While the practice remains prevalent in many regions of Kyrgyzstan, everyday citizens, activists and professionals are now speaking out against the practice of kidnapping women for marriage.
Kuban Kurmanbekovich, 32, is a nomadic shepherd from Talastan, near the Kochkor region. Although they now live in a remote area, he met his wife Elnura Amasilieva, 32, at college. They have three children: Arsen, Adelina and Esen. During the USSR era, Kuban studied Agricultural Engineering, while Elnura studied Economics. They met in a disco, fell in love and married.
"I do not want anyone to kidnap my daughter. Kidnapping is not a Kyrgyz tradition. It's just a pretext made by evil people", he says.
Dr. Turganbubu Orunbaeva, a medical doctor and feminist activist, has spent the last twenty years on the vanguard of eradicating the bride kidnapping tradition in her region. She conducts training sessions and conferences for teens, the Islamic authorities, police and abducted women. She also offers her support to women who have been victims of any kind of vulnerable situation or gender violence through her association called 'Bakubat,' which means 'comfort' in the Kyrgyz language.
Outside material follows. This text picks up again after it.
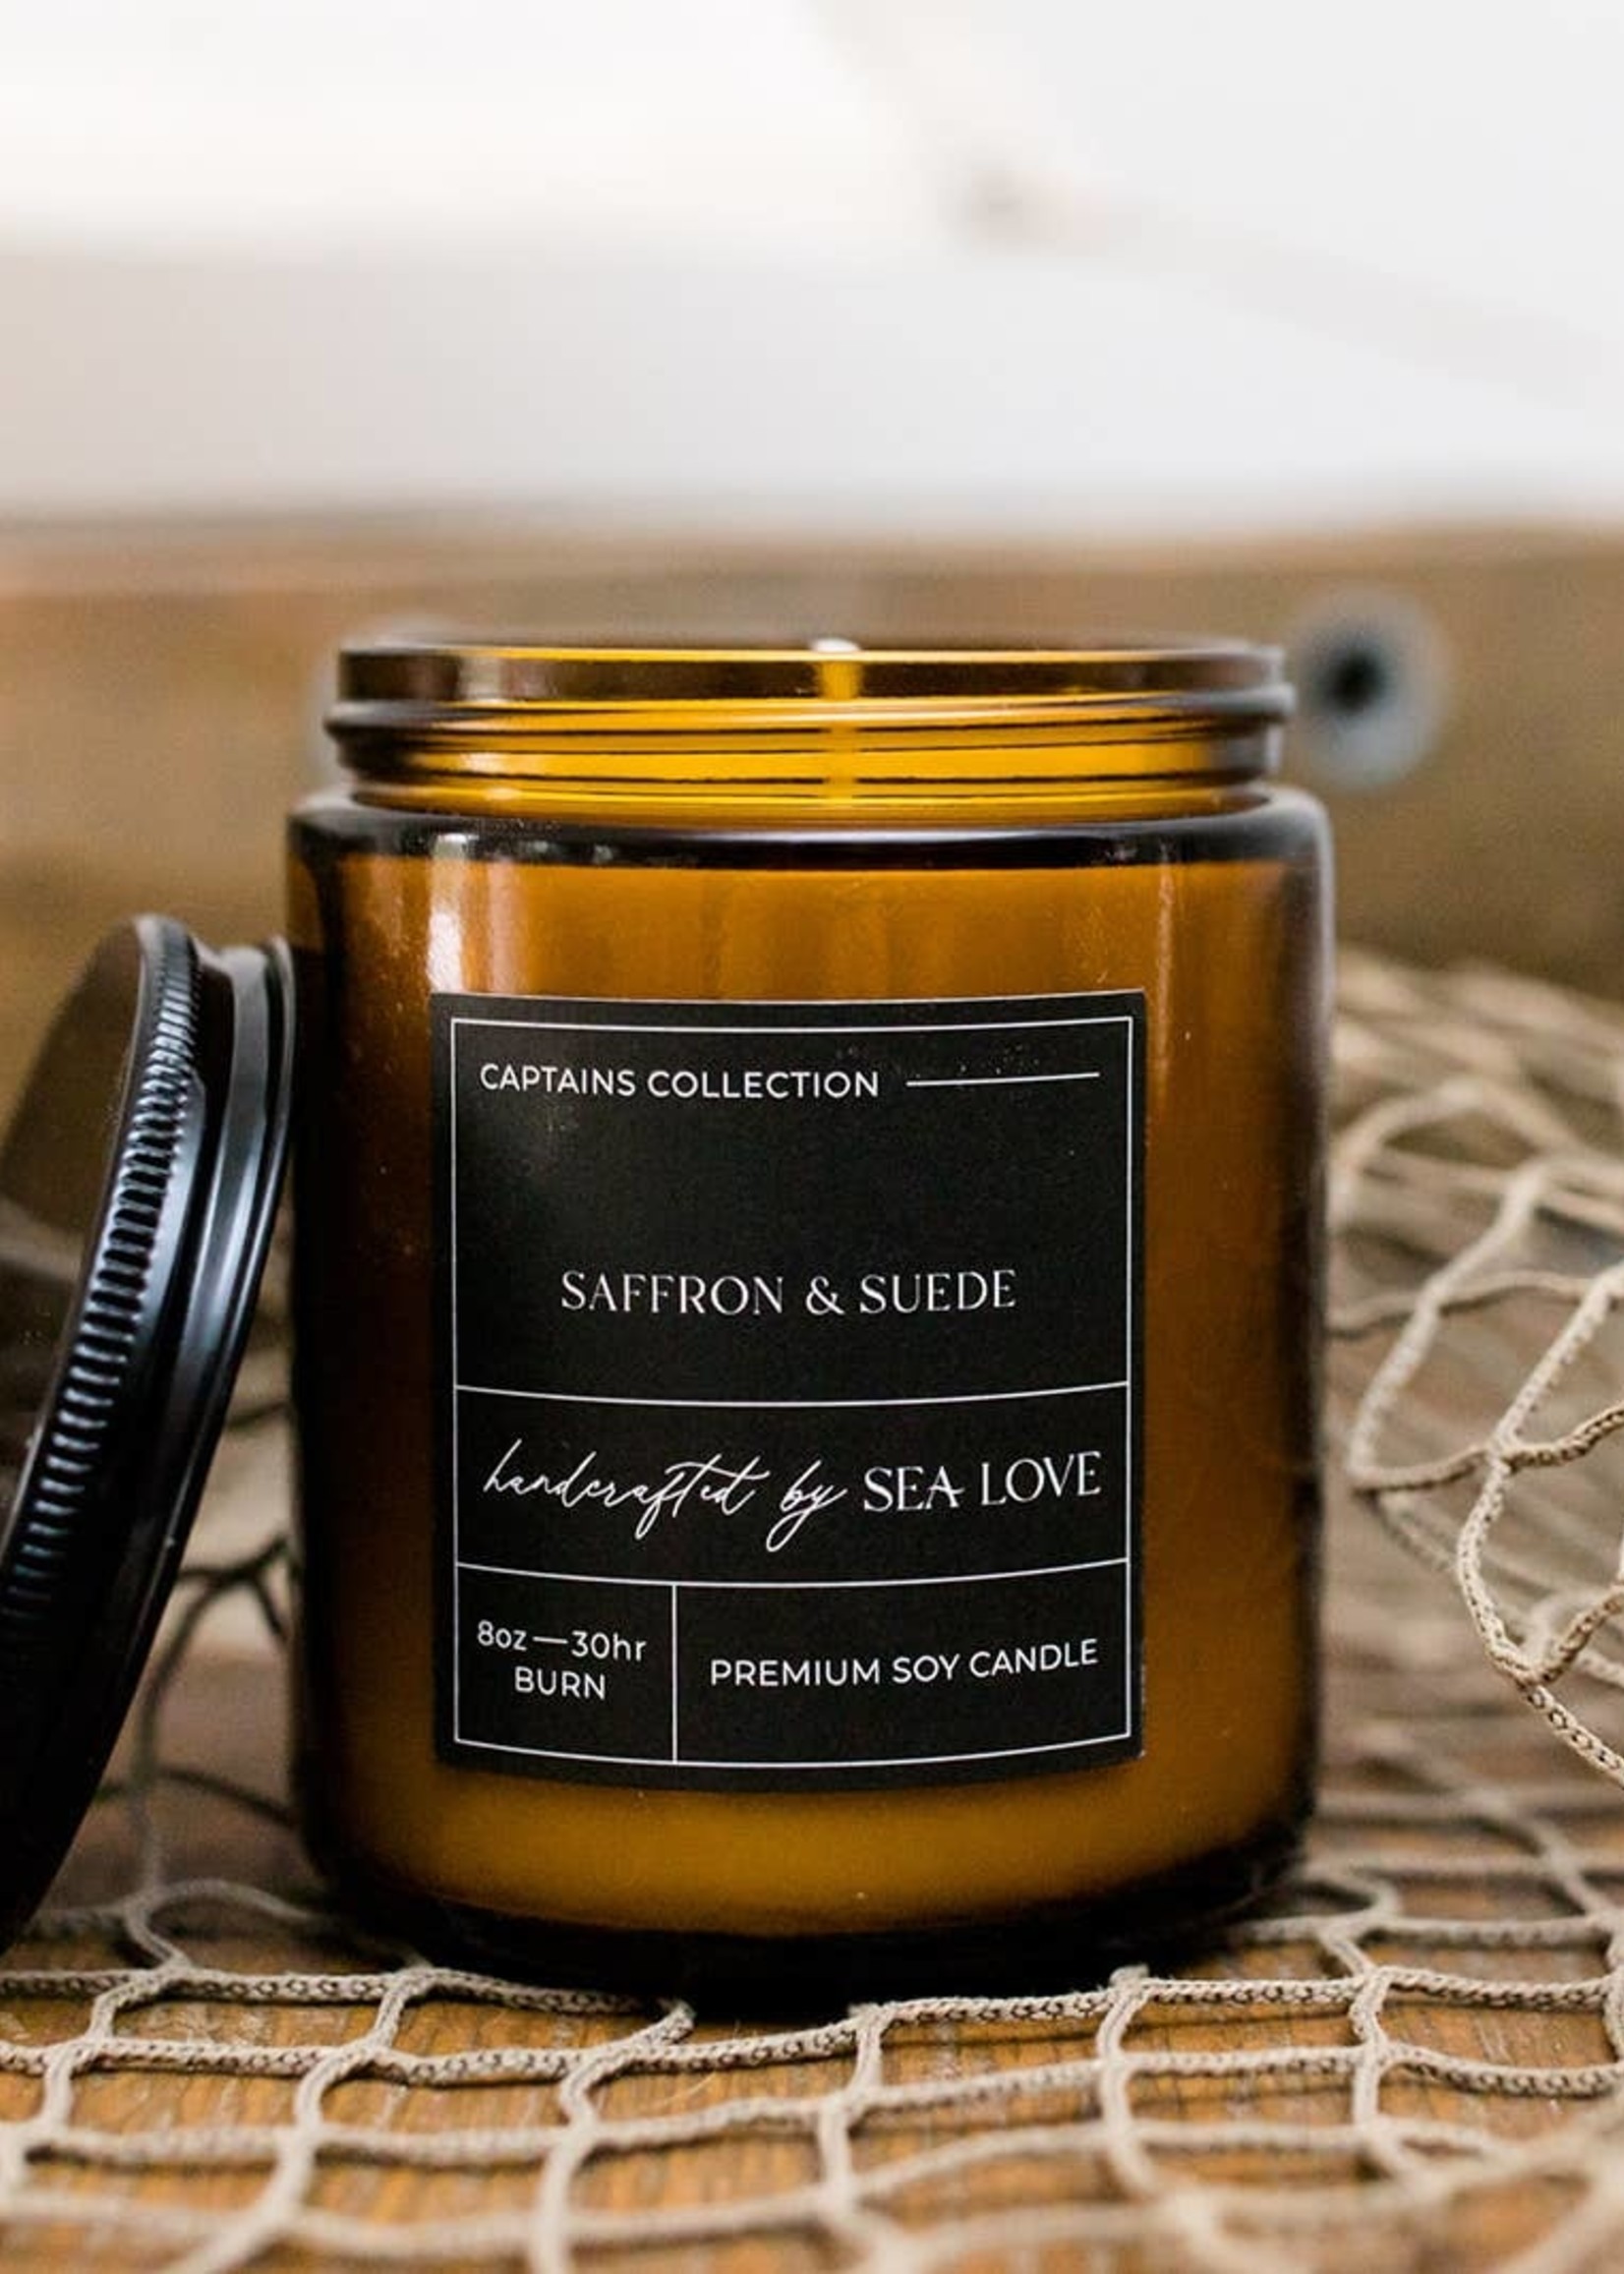 Sea Love Candles & Company Captains Collection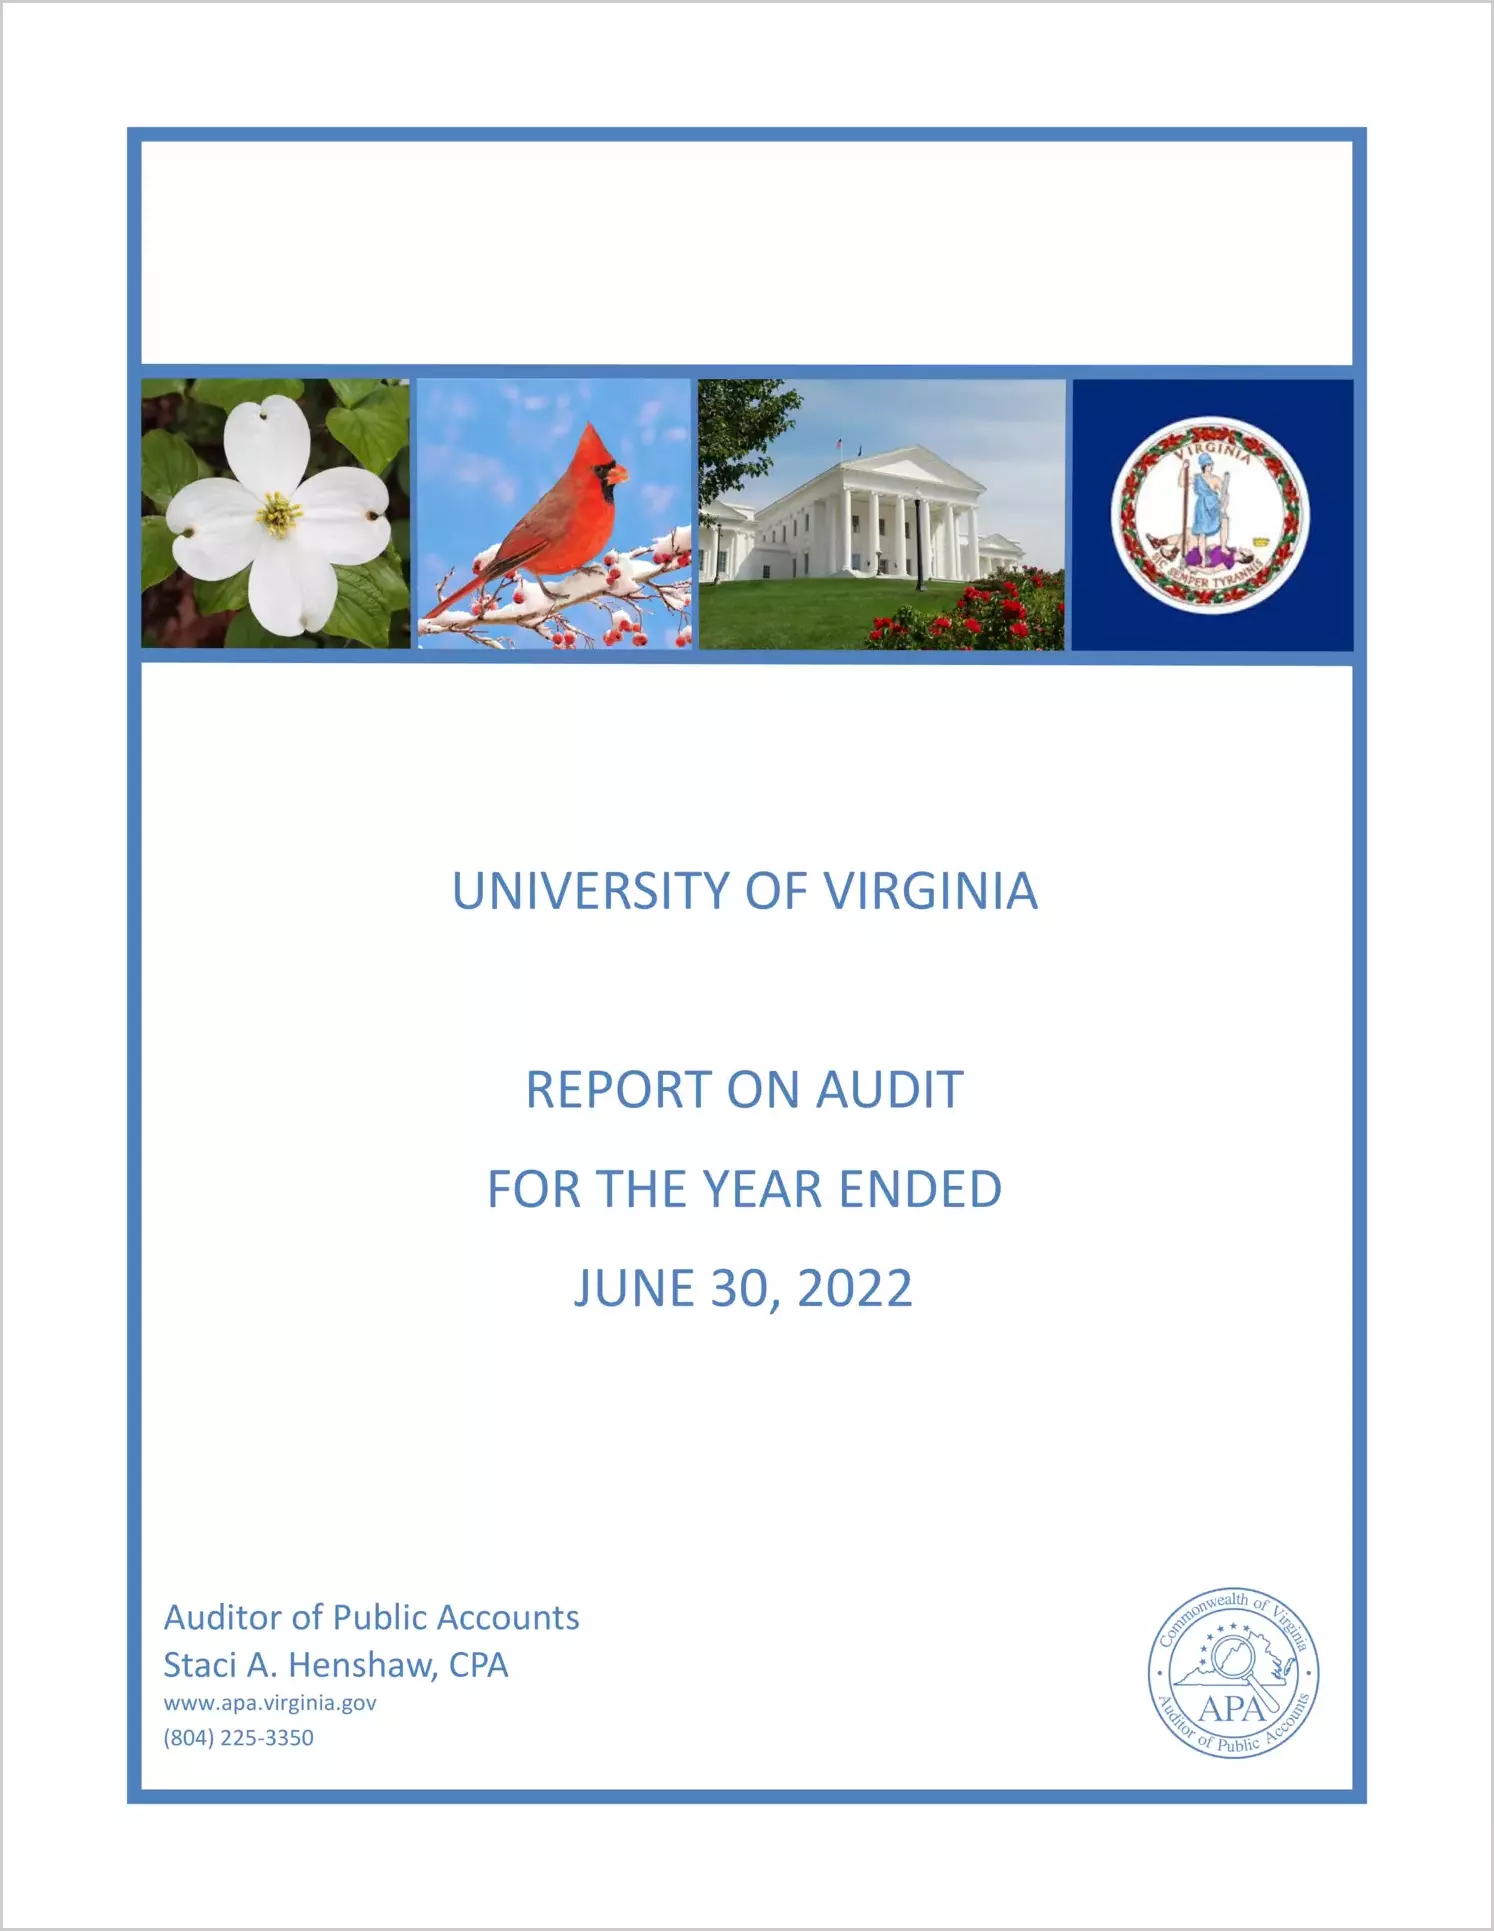 University of Virginia for the year ended June 30, 2022

Professor Kleinbach, an emeritus doctor from the University of Philadelphia, has been investigating bride kidnapping for the last twenty years. He says that even some of his students at the university fear being kidnapped. Some of the young ladies wear false wedding rings as a safeguard against abduction, arguing that they are already married.
However, some creative couples have used the practice to their advantage. One young man even kidnapped his bride at her behest.
After several years dating Mariam, Solo was still not able to save enough money for their wedding. The dowry set by Mariam’s father was simply too expensive for him to afford. A few weeks before their marriage, Solo kidnapped Mariam at her request in order to avoid paying the dowry. “We were in love,” the two said. “This was the only way for us to overcome Mariam’s father’s price on his daughter’s hand in marriage.”